# [Task goal]
Leave the pictures aside and copy all the data exactly.

# [Collected data]
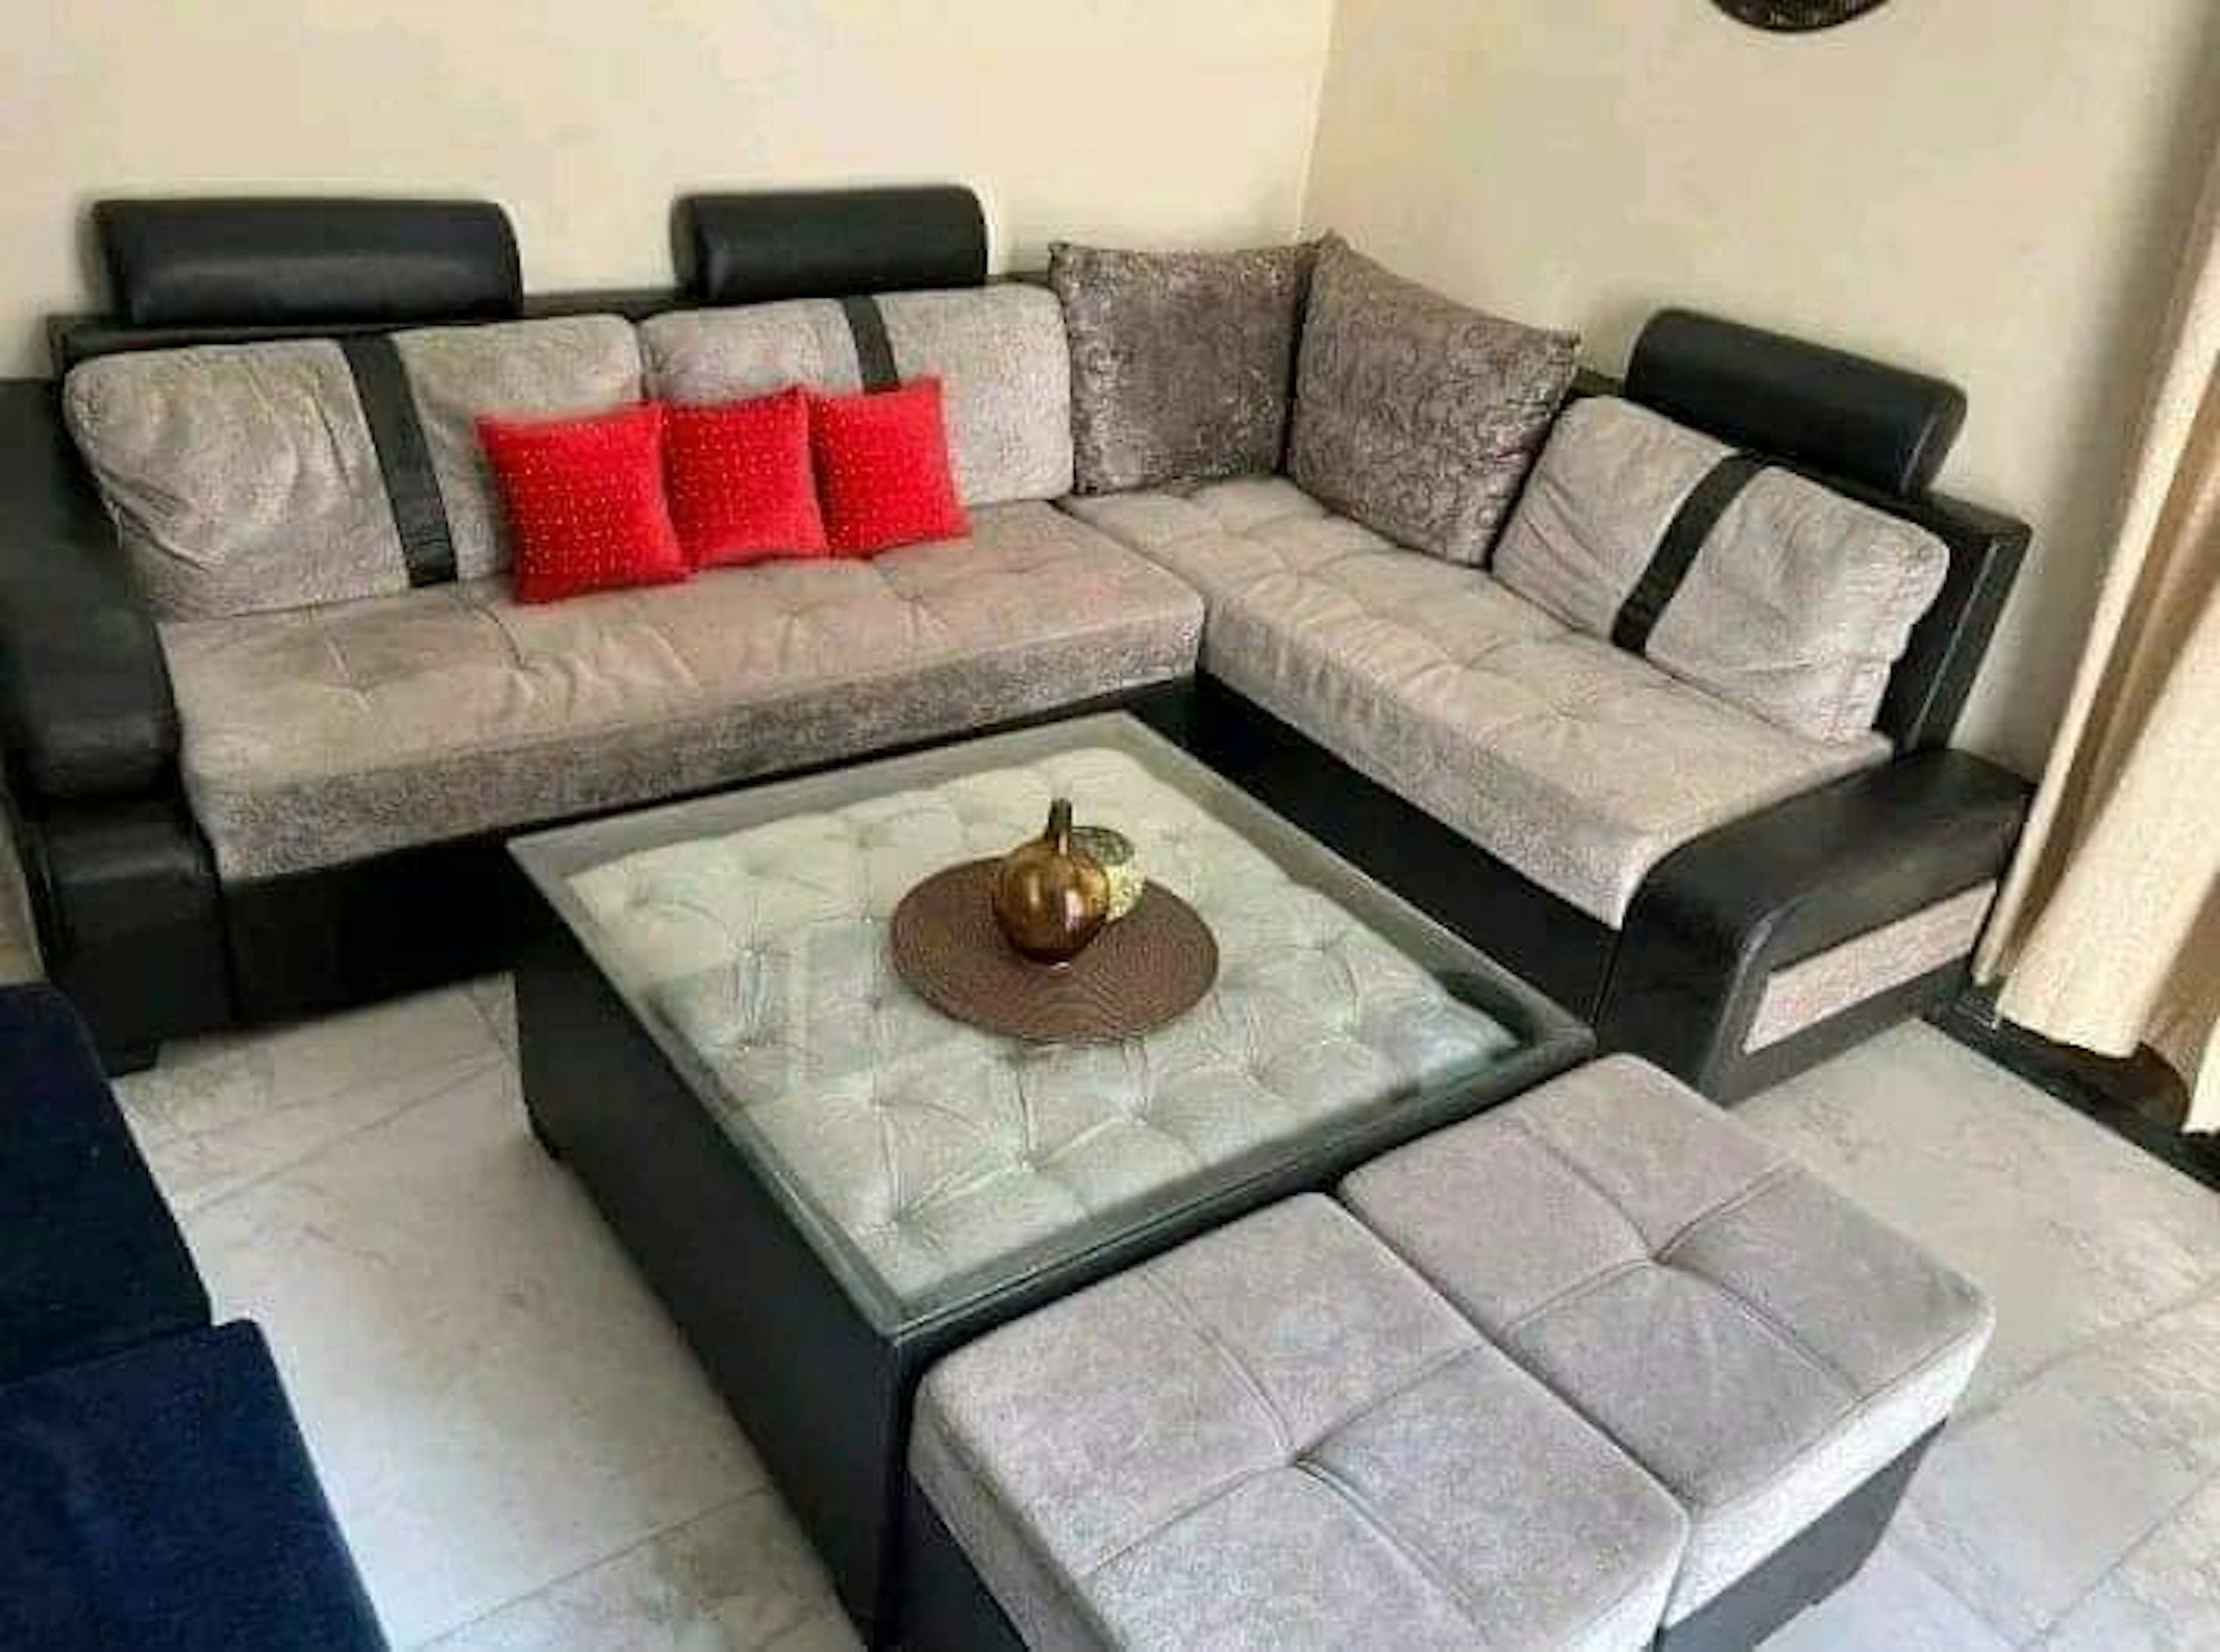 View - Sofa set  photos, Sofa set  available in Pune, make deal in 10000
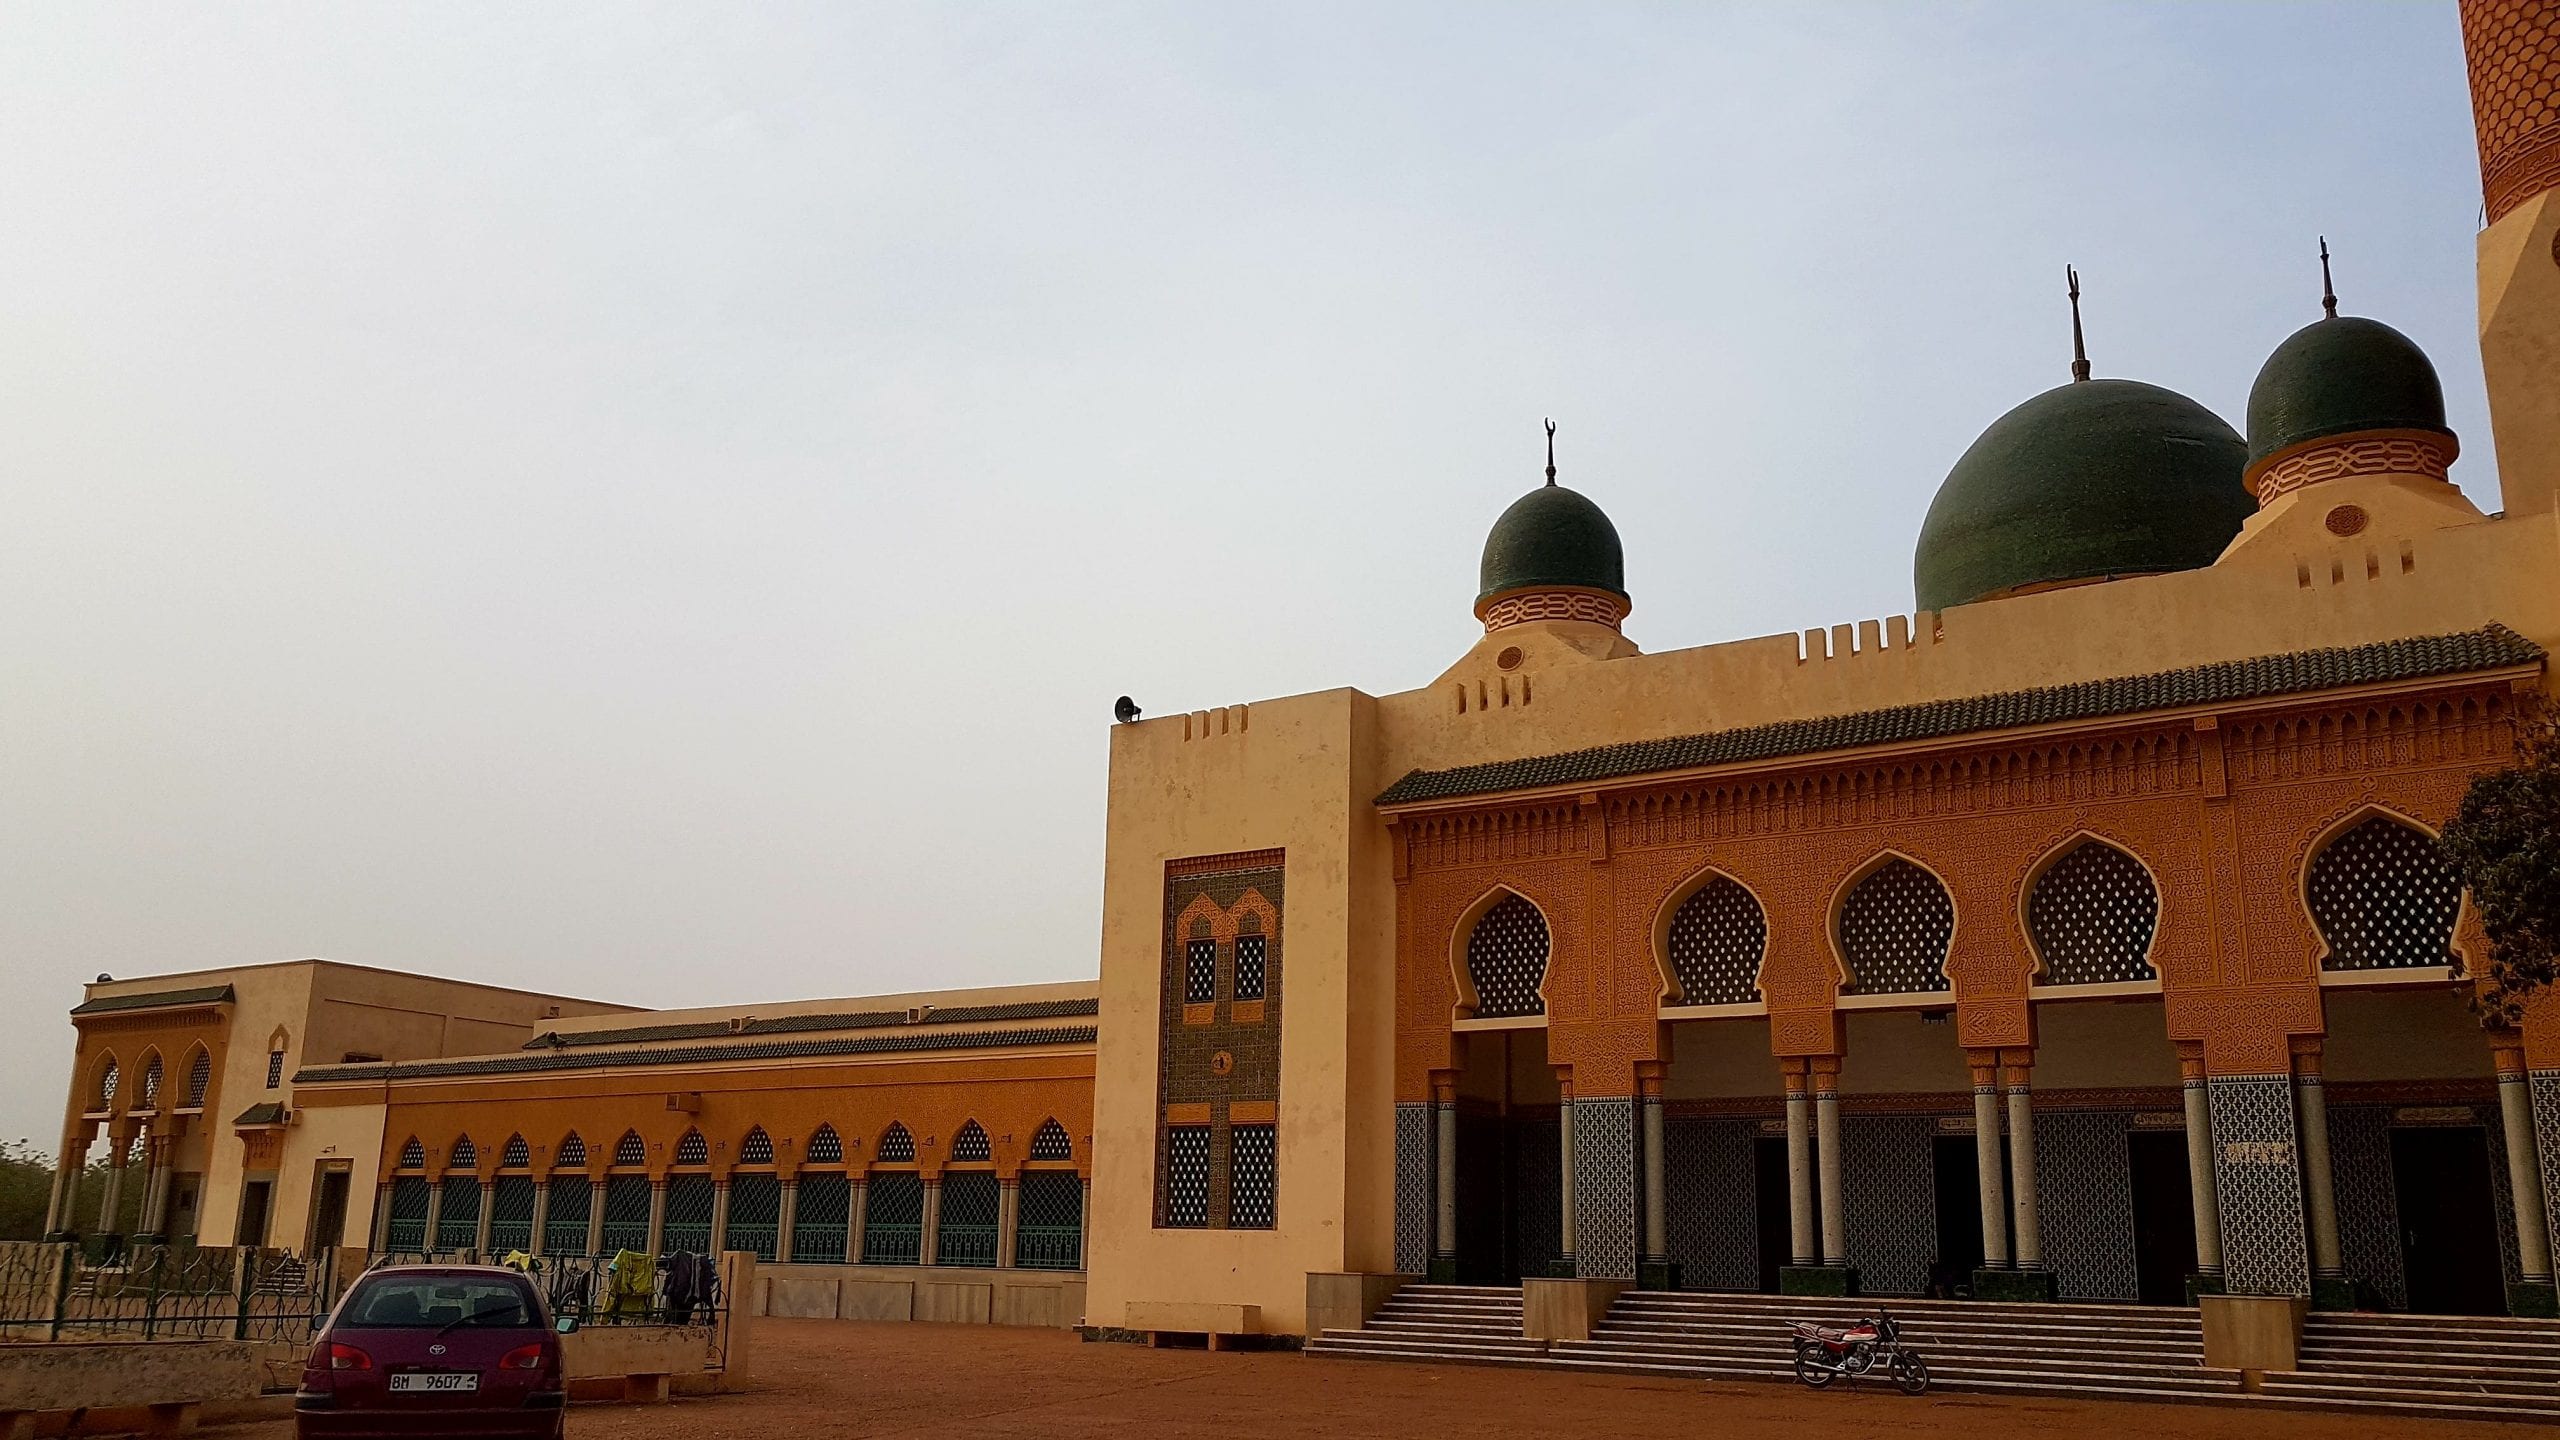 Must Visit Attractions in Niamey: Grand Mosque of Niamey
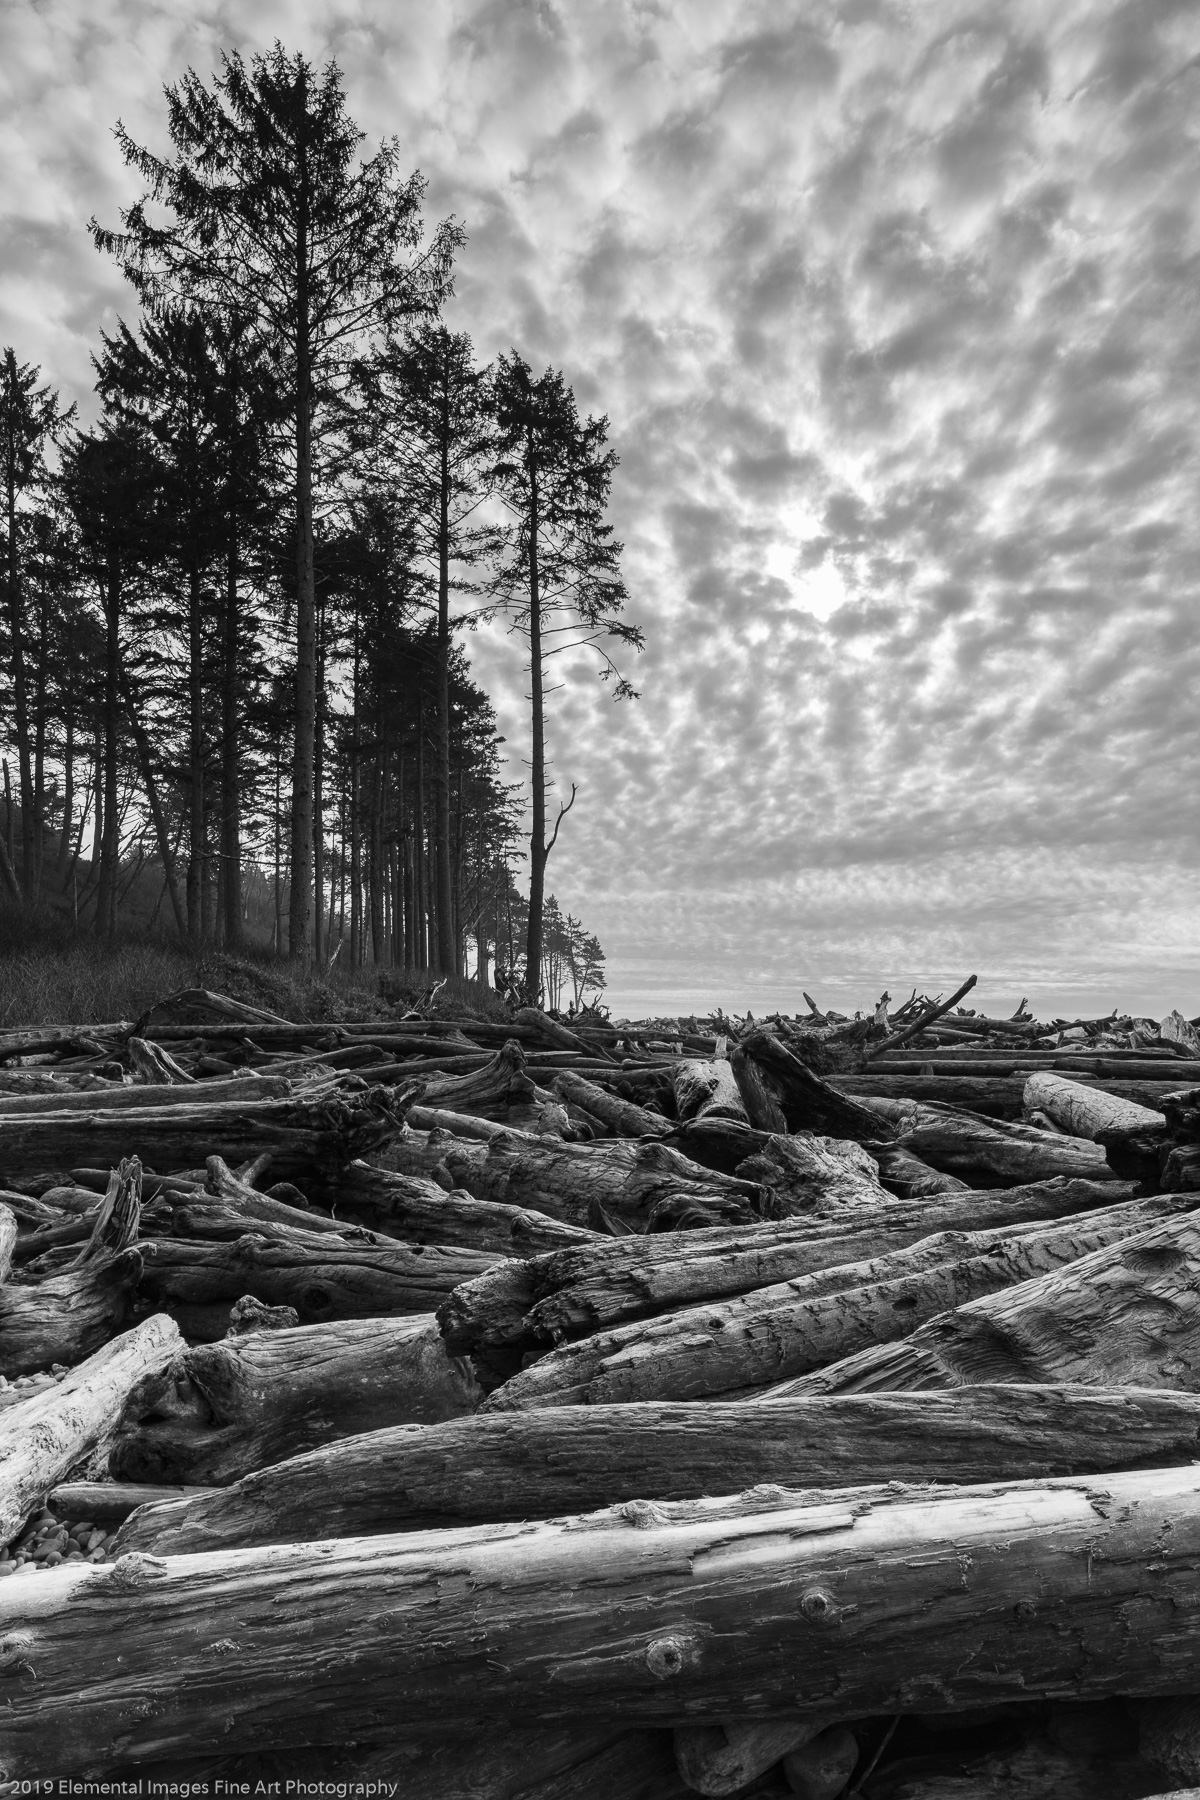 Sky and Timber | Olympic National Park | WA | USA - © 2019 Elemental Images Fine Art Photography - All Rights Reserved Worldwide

# [Task response]
 View - Sofa set  photos, Sofa set  available in Pune, make deal in 10000
 Must Visit Attractions in Niamey: Grand Mosque of Niamey
 Sky and Timber | Olympic National Park | WA | USA - © 2019 Elemental Images Fine Art Photography - All Rights Reserved Worldwide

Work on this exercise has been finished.